Анника прикусила губу.

– Наоборот, – сказала она. – На то есть одна важная причина: убийцы всех женщин должны получить по заслугам. Четверо из этой компании гуляют на свободе, поскольку Холмеруд взял их преступления на себя. Поэтому мне кажется, нам не стоит отказываться от него, в нынешней ситуации во всяком случае.

– Но ты не хочешь им заниматься? – спросил Шюман.

– Я не устрою его. Он жаждет кого-то более солидного и известного.

Веннергрен кивнул:

– Само собой, он хочет, чтобы его авантюра произвела впечатление, и ему нужен кто-то засветившийся в дебатах на радио и телевидении.

– Пока ты, Анника, можешь заниматься этим случаем, – сказал Шюман. – Почему бы тебе для начала не собрать весь материал по данному вопросу, не подготовить дополнительные интервью, поразмыслить, как синхронизировать работу по разным направлениям…

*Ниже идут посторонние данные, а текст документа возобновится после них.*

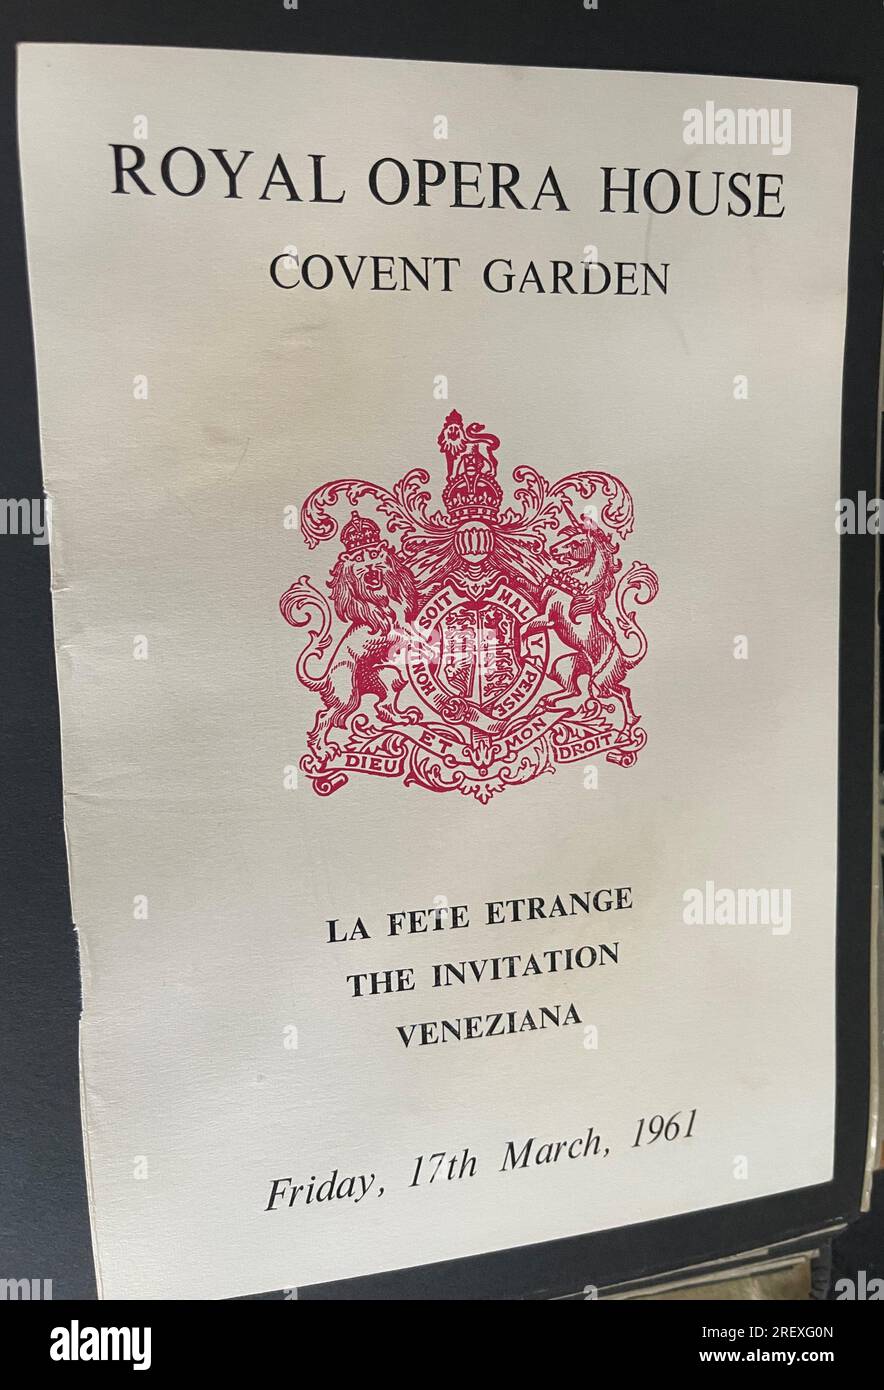 Volantino d'epoca per la Fete Etrange The Invitation Veneziana - Royal Opera House, Covent Garden 1961. Foto Stock

– А потом придет кто-нибудь с волосатой грудью и заберет Большой журналистский приз? – Она взялась руками за подлокотники и поднялась со стула. – Надеюсь, вы извините меня, но мне еще много всего нужно сделать.

– Что это у тебя за картина? – поинтересовался Шюман и кивнул в сторону ее рабочего места.

– На ней изображен немецкий художник, утверждающий, что женщины не умеют рисовать.

Она вышла и закрыла за собой дверь.

Веннергрен задумчиво смотрел ей вслед, пока она удалялась в направлении поста охраны с уродливой сумкой на плече.

– Ты прав, – сказал он. – Действительно было бы прекрасно, если бы нам удалось добиться пересмотра дела в Верховном суде. Пройти с высоко поднятым флагом до самого конца. Как думаешь, успеем?

– Все зависит от того, когда мы закругляемся, – ответил Шюман.

– Прими в расчет и это тоже, – сказал Веннергрен и собрал свои вещи.


Дети заснули поздно, и все из-за солнца на улице, которое сейчас, в начале лета, не спешило отправляться на покой, да еще сказалось ждавшее их завтра окончание учебного года.

Анника странствовала в темноте из комнаты в комнату, пока они не утихомирились, и прислушивалась к лифту, в надежде заранее услышать, что Джимми на подходе. Самолет из Брюсселя задержали из-за грозы.

При этом она постоянно думала о Биргитте, представляя ее в самых противоречивых образах: талантливой, избиваемой, любимой, спившейся…

Внезапно пришедшая в голову Анники идея заставила ее отправиться в гардеробную и отыскать еще толком не разобранный после переезда ящик со старыми письмами и вырезками из газет. Там также лежала коробка с детскими фотографиями.

Она расположилась в гостиной с коробкой на коленях. Мама постоянно собиралась поместить снимки в приличный альбом и нарисовать что-нибудь красивое, но до этого у нее так никогда и не дошли руки.

При исчезающем свете от окна Анника перебирала снимки – бесконечные летние вечера, рождественские праздники, дни рождения. Биргитта, всегда улыбавшаяся в объектив, она сама, смотревшая в сторону. Там нашлась фотография с пляжа озера Таллшён с мороженым и синим одеялом, полотенцами и ее профилем и улыбкой Биргитты… Биргитта в детстве была похожа на кого-то, виденного Анникой совсем недавно…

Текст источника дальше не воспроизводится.